*MATERIAL FOR THE TASK*
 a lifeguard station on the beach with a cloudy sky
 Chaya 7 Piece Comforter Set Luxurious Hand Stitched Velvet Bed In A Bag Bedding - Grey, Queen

---

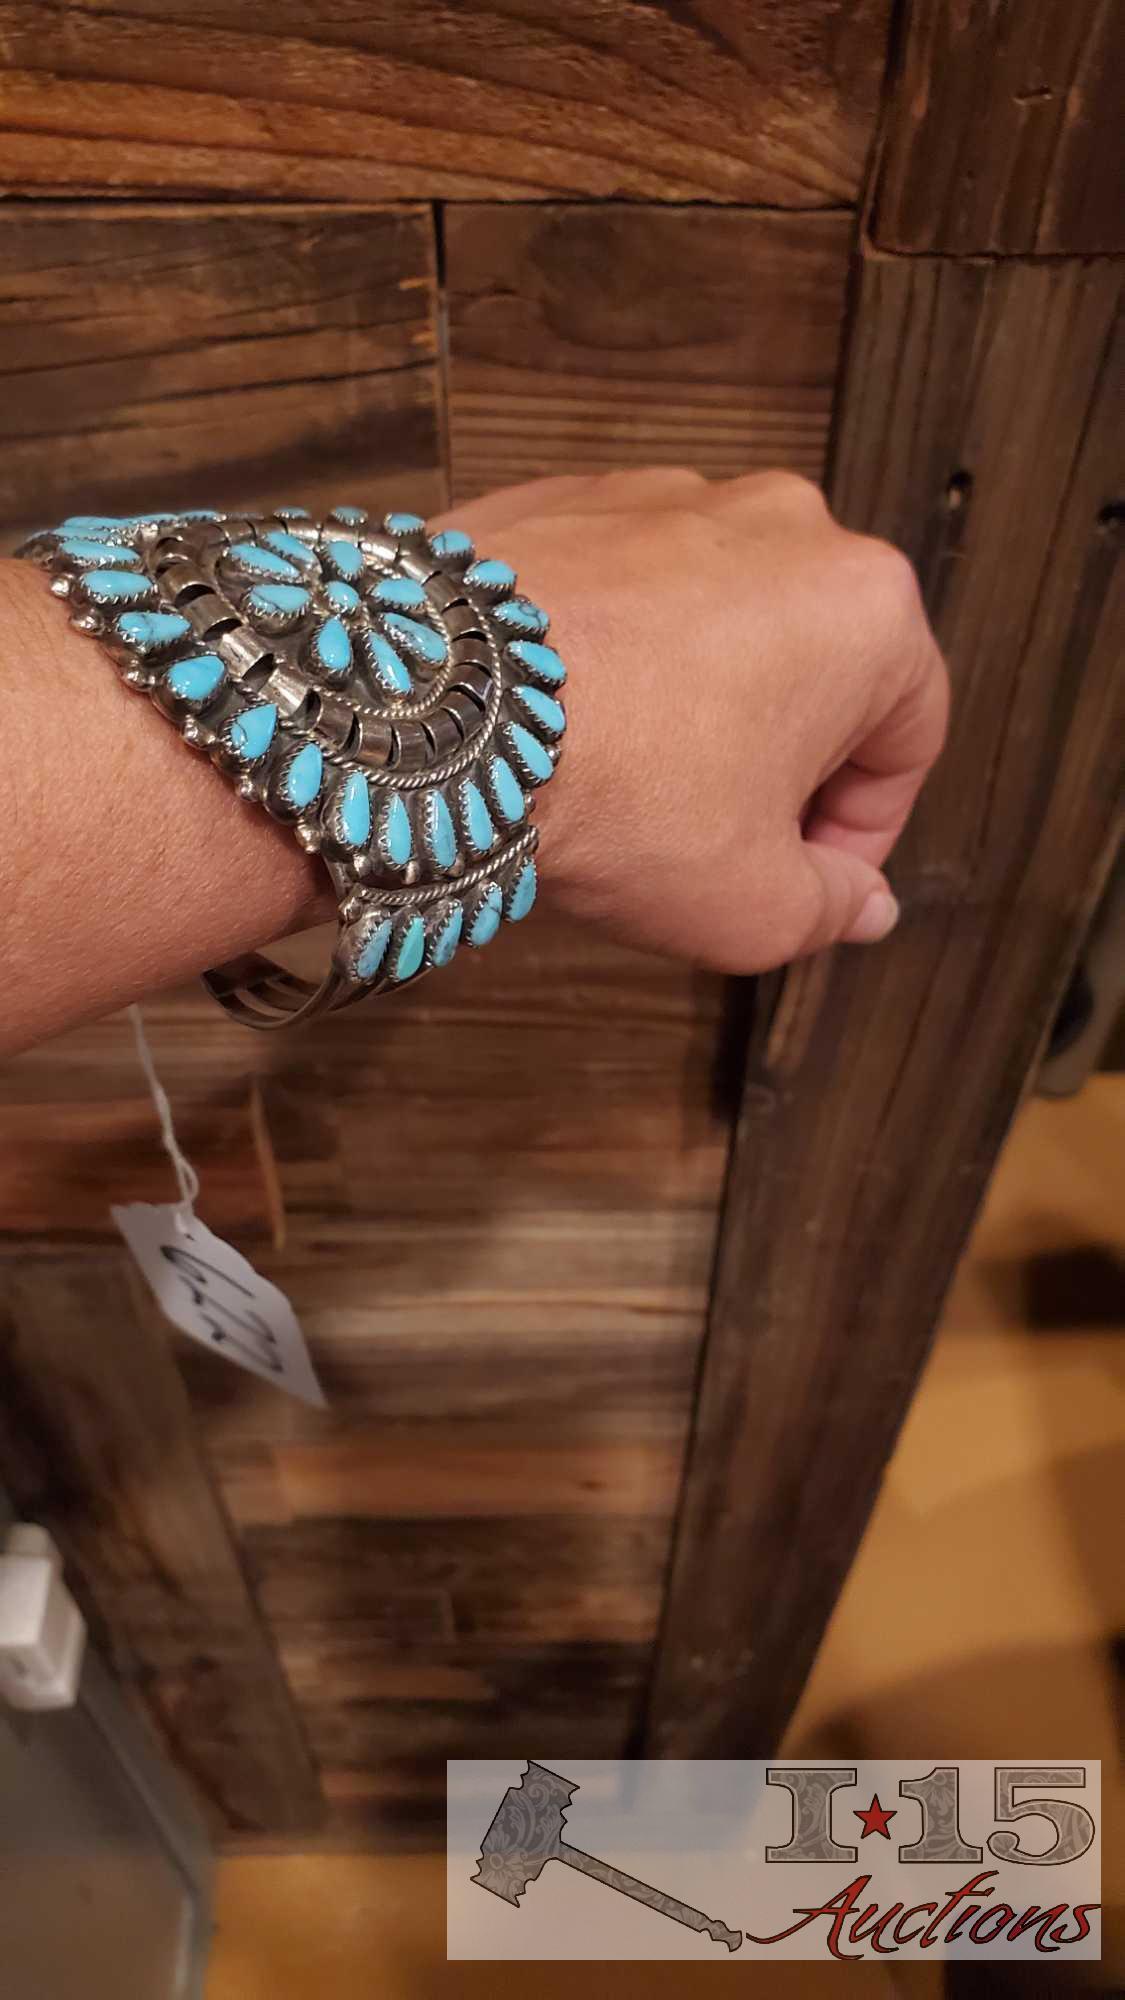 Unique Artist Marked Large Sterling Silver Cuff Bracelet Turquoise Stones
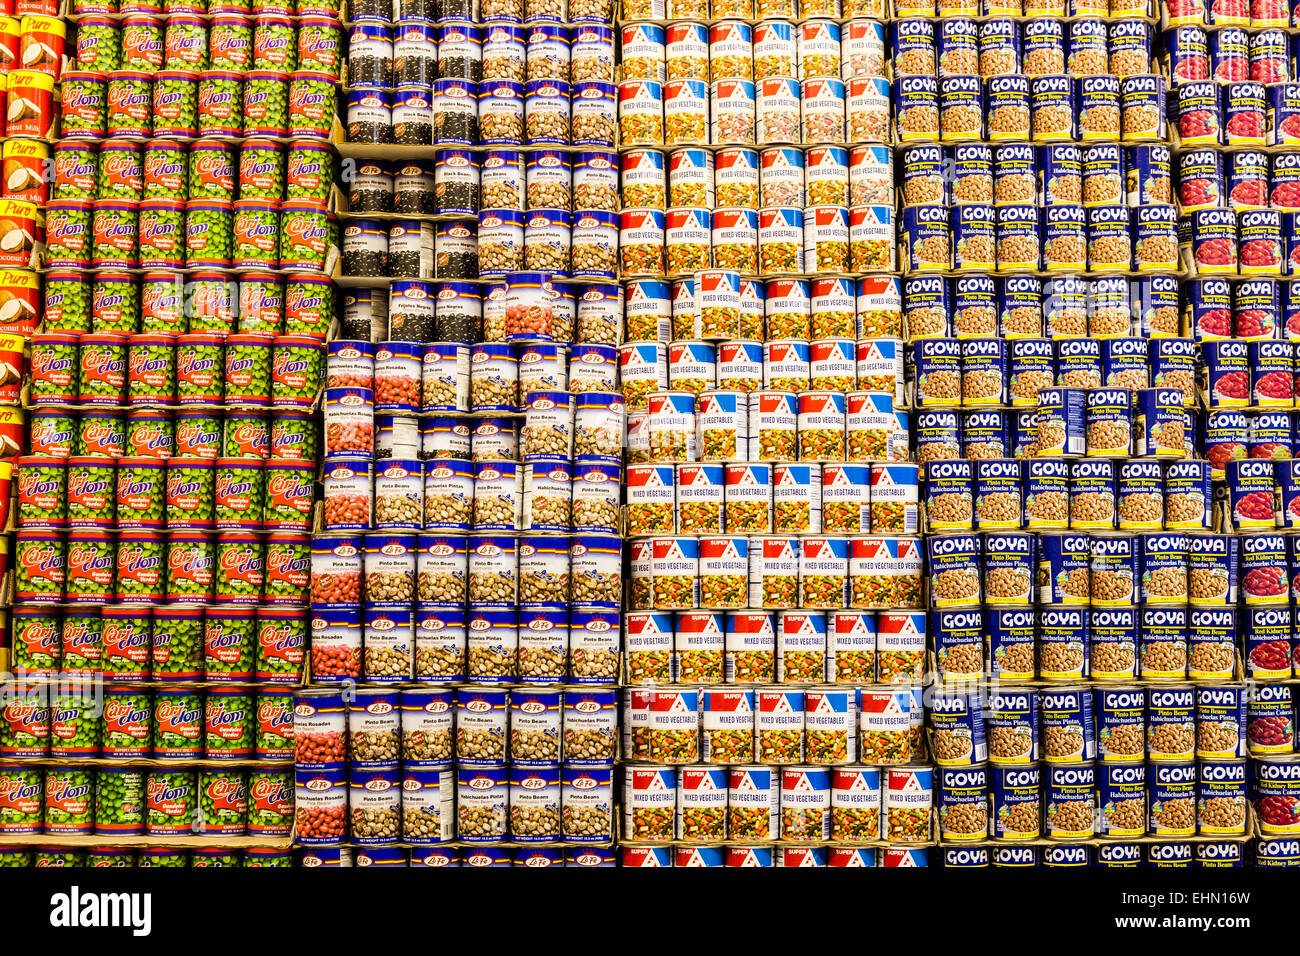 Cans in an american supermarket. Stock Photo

---

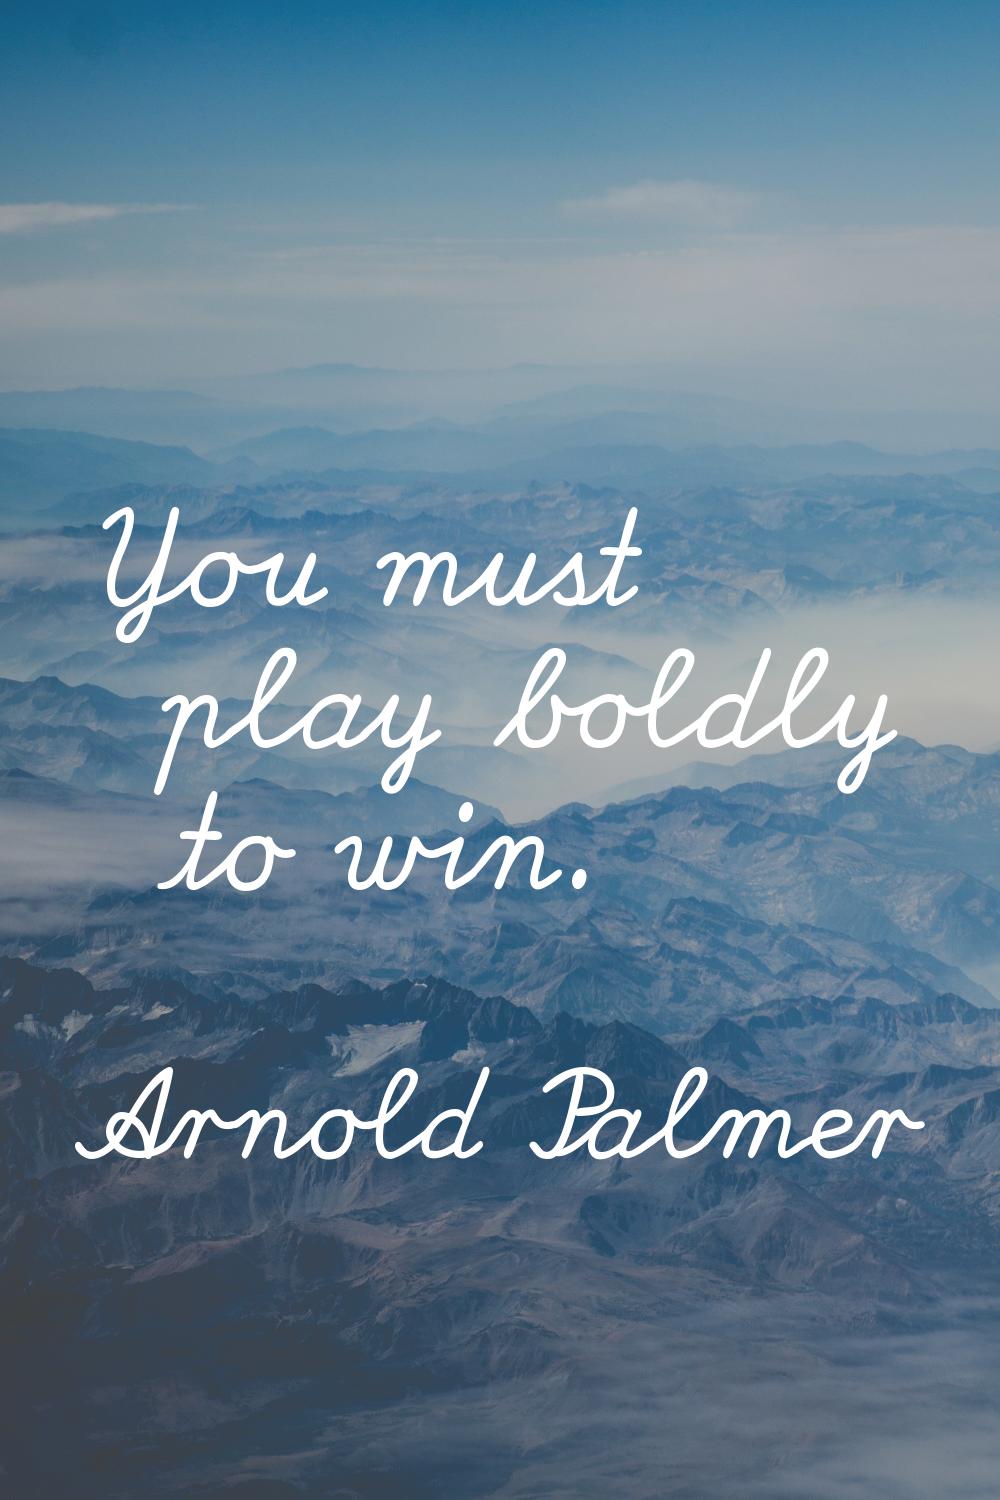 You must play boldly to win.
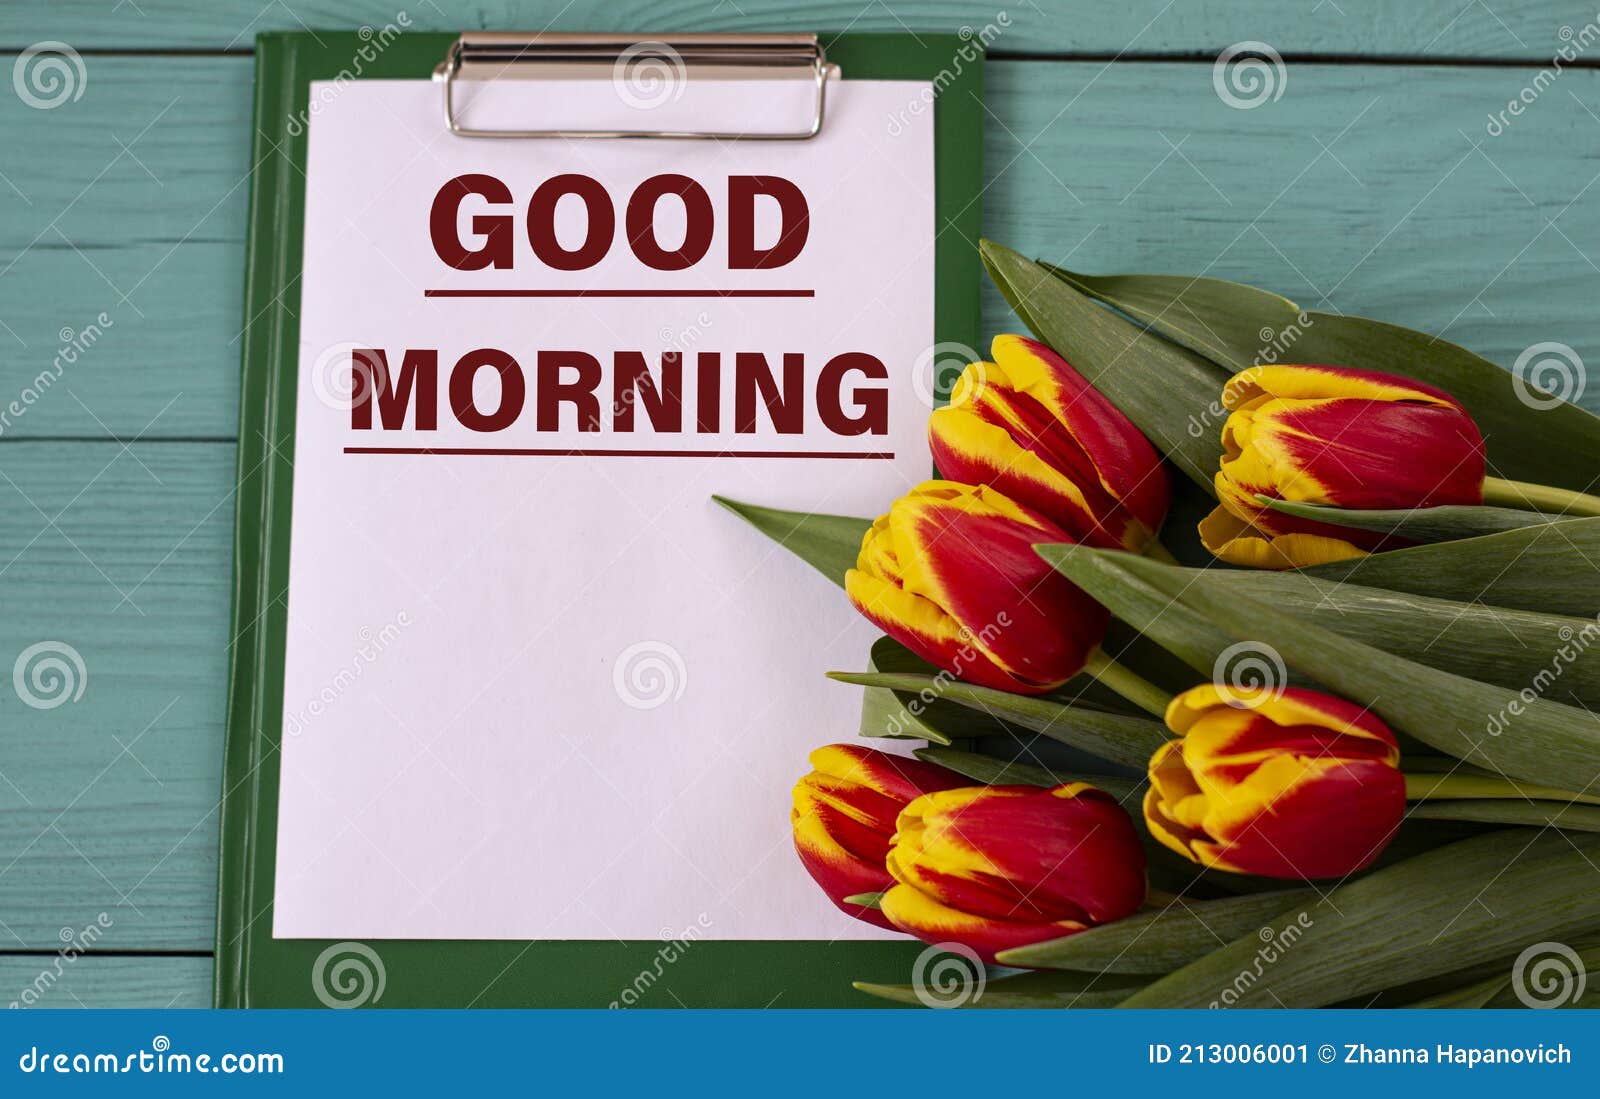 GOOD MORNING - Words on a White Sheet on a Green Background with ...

*ABOUT THIS EXERCISE*
In the data above, which lines lie between the line with "a lifeguard station" and the line with "Chaya 7 Piece", inclusive? Print those lines exactly and nothing else.

*YOUR SOLUTION*
 a lifeguard station on the beach with a cloudy sky
 Chaya 7 Piece Comforter Set Luxurious Hand Stitched Velvet Bed In A Bag Bedding - Grey, Queen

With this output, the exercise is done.